* [What to produce]: Transcribe the listing exactly; drop the images.

* [Given information]:
^^^^^^^^^^^^^^^^

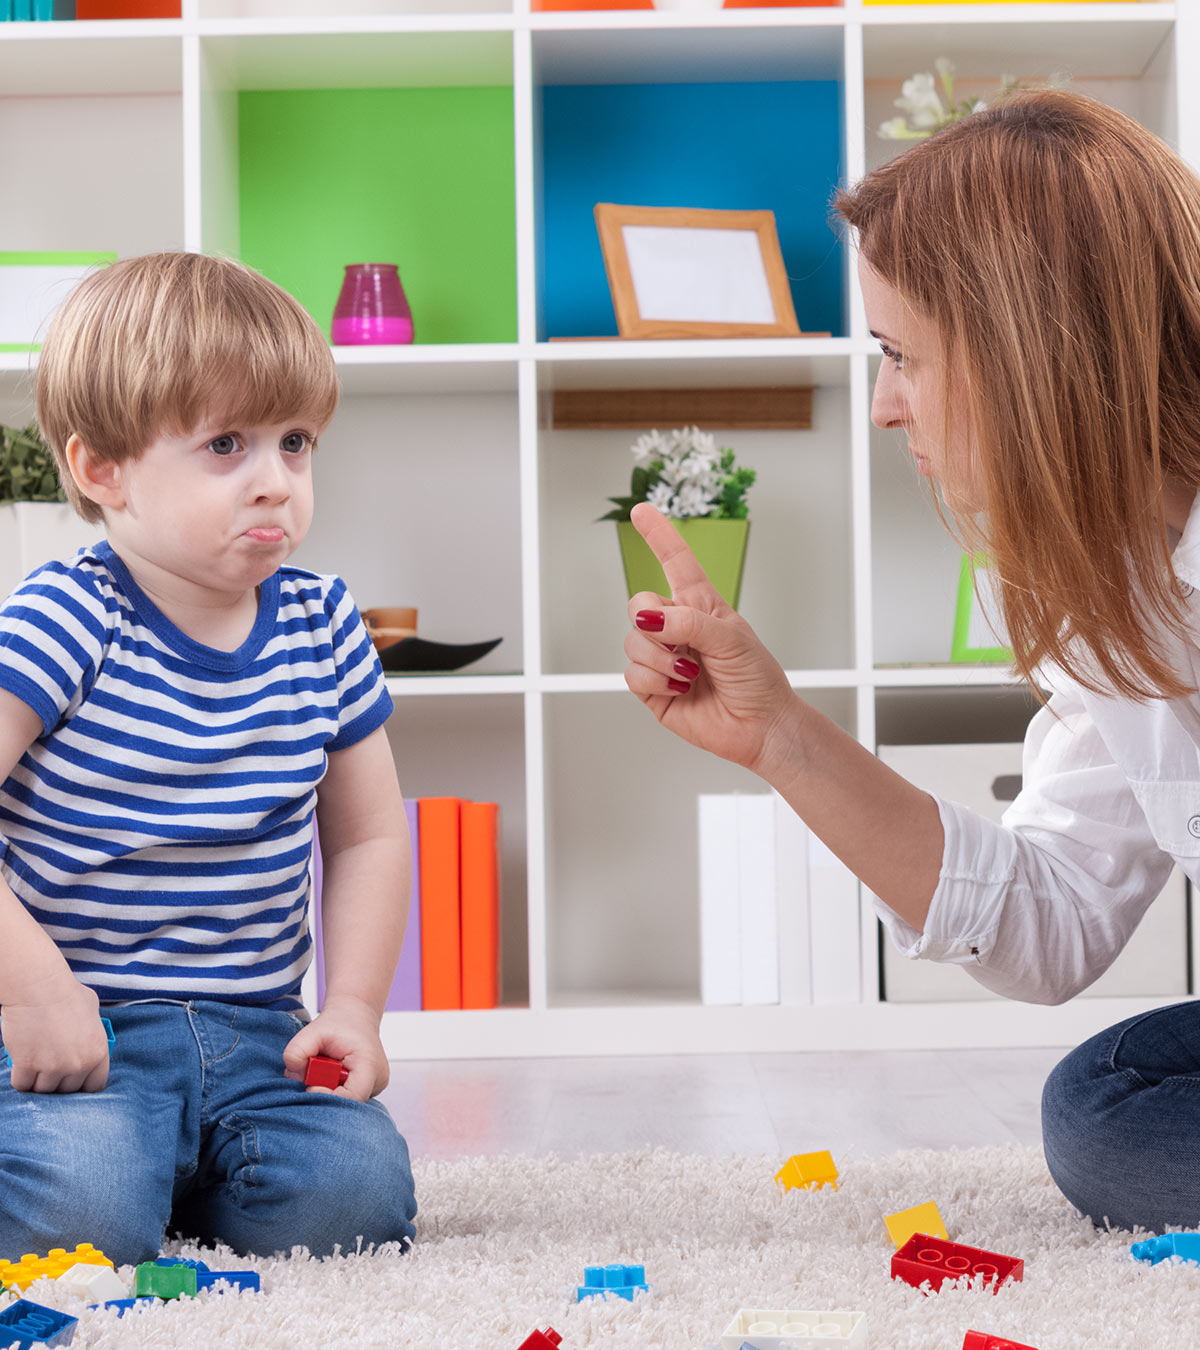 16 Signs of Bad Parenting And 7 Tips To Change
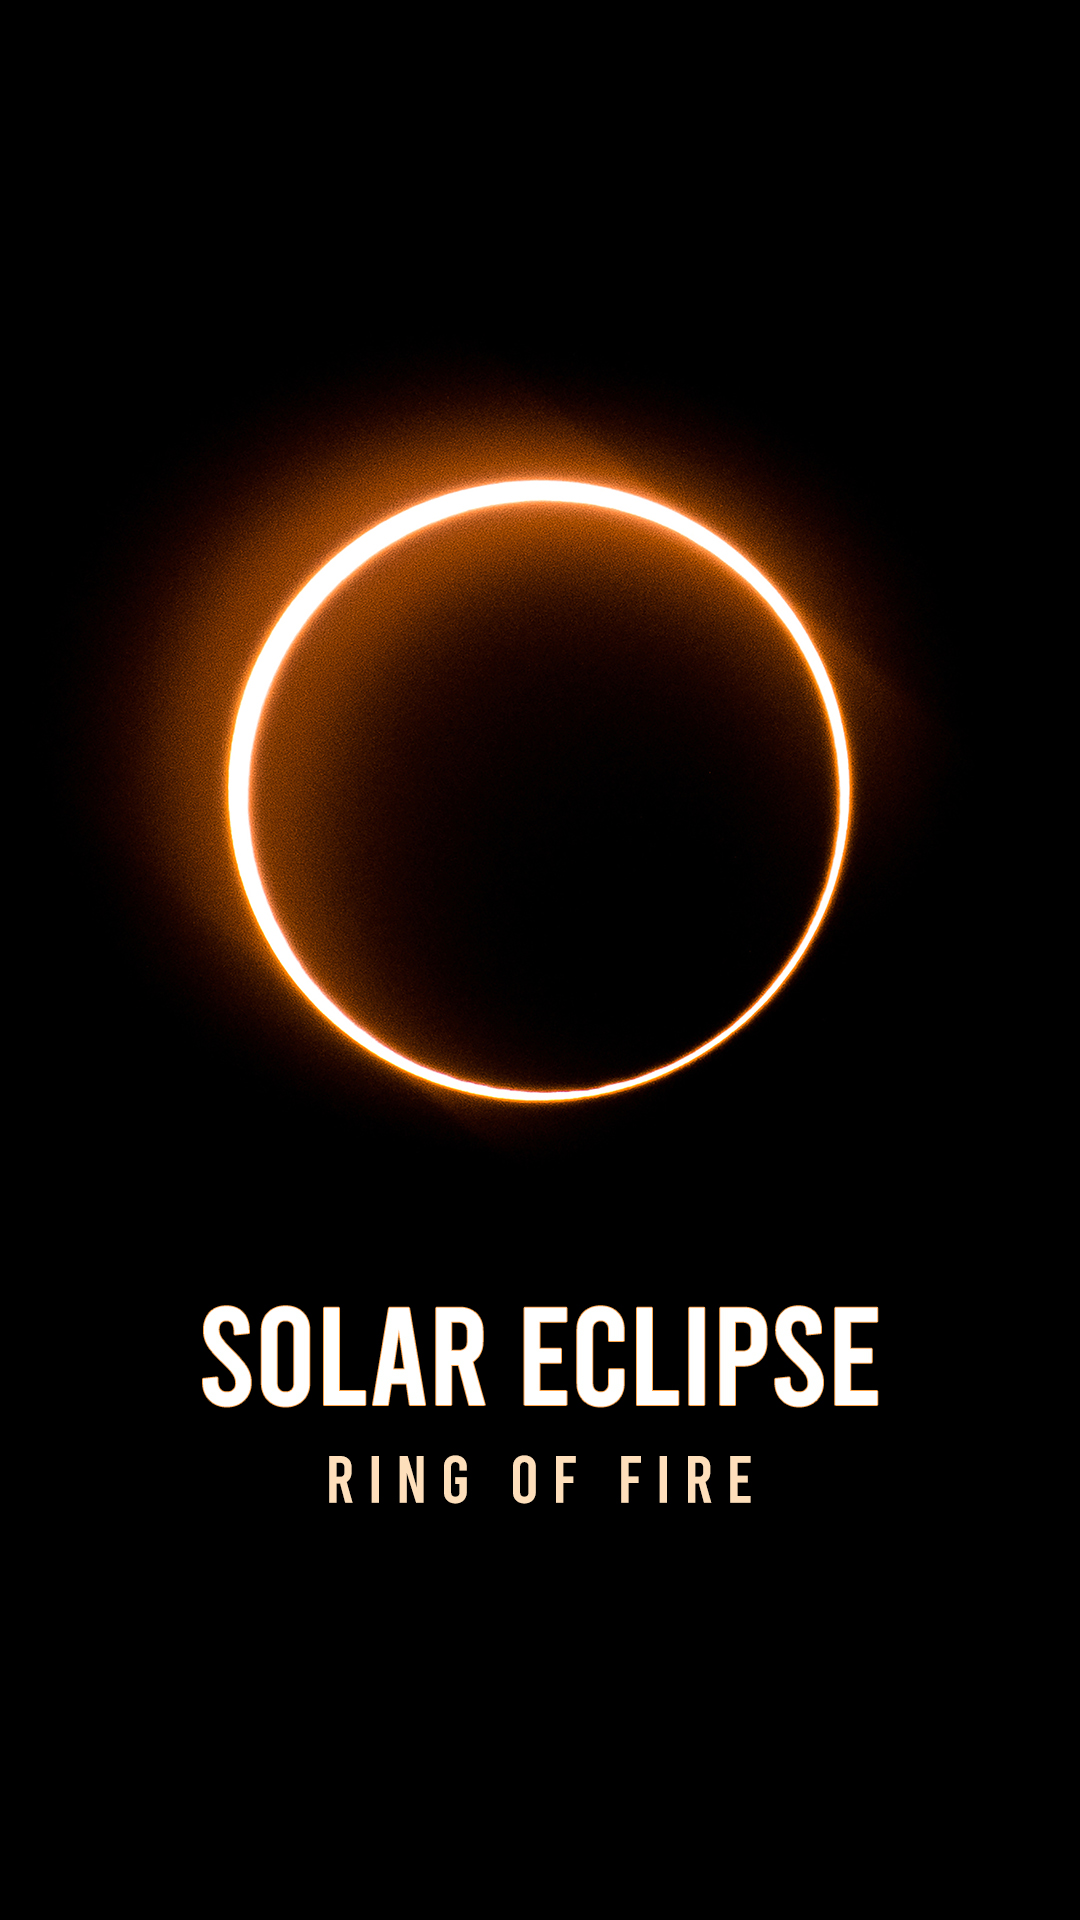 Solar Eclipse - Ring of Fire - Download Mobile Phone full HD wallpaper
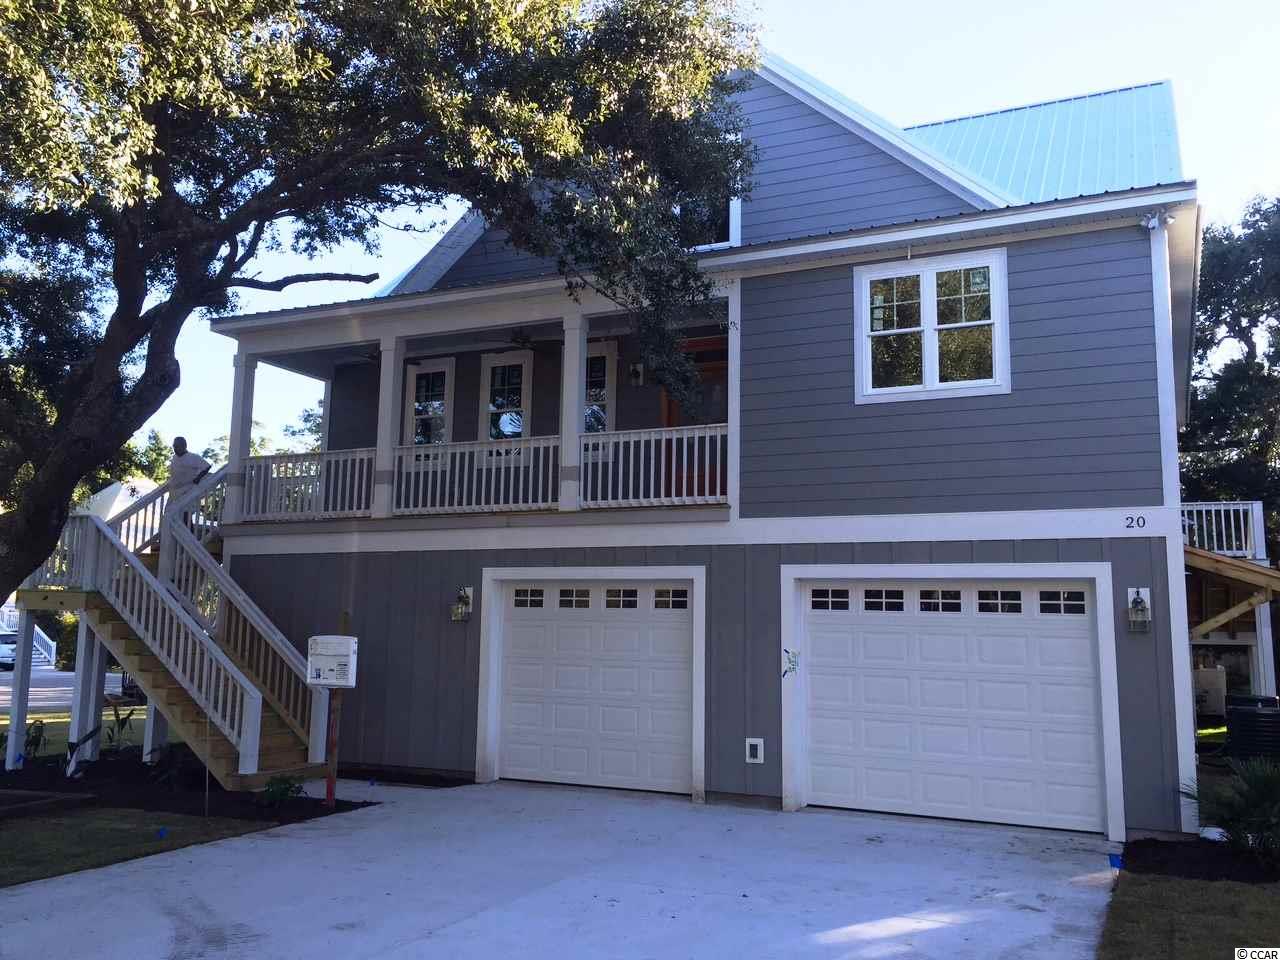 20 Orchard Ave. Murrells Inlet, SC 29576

^^^^^^^^^^^^^^^^

* [Output]:
 16 Signs of Bad Parenting And 7 Tips To Change
 Solar Eclipse - Ring of Fire - Download Mobile Phone full HD wallpaper
 20 Orchard Ave. Murrells Inlet, SC 29576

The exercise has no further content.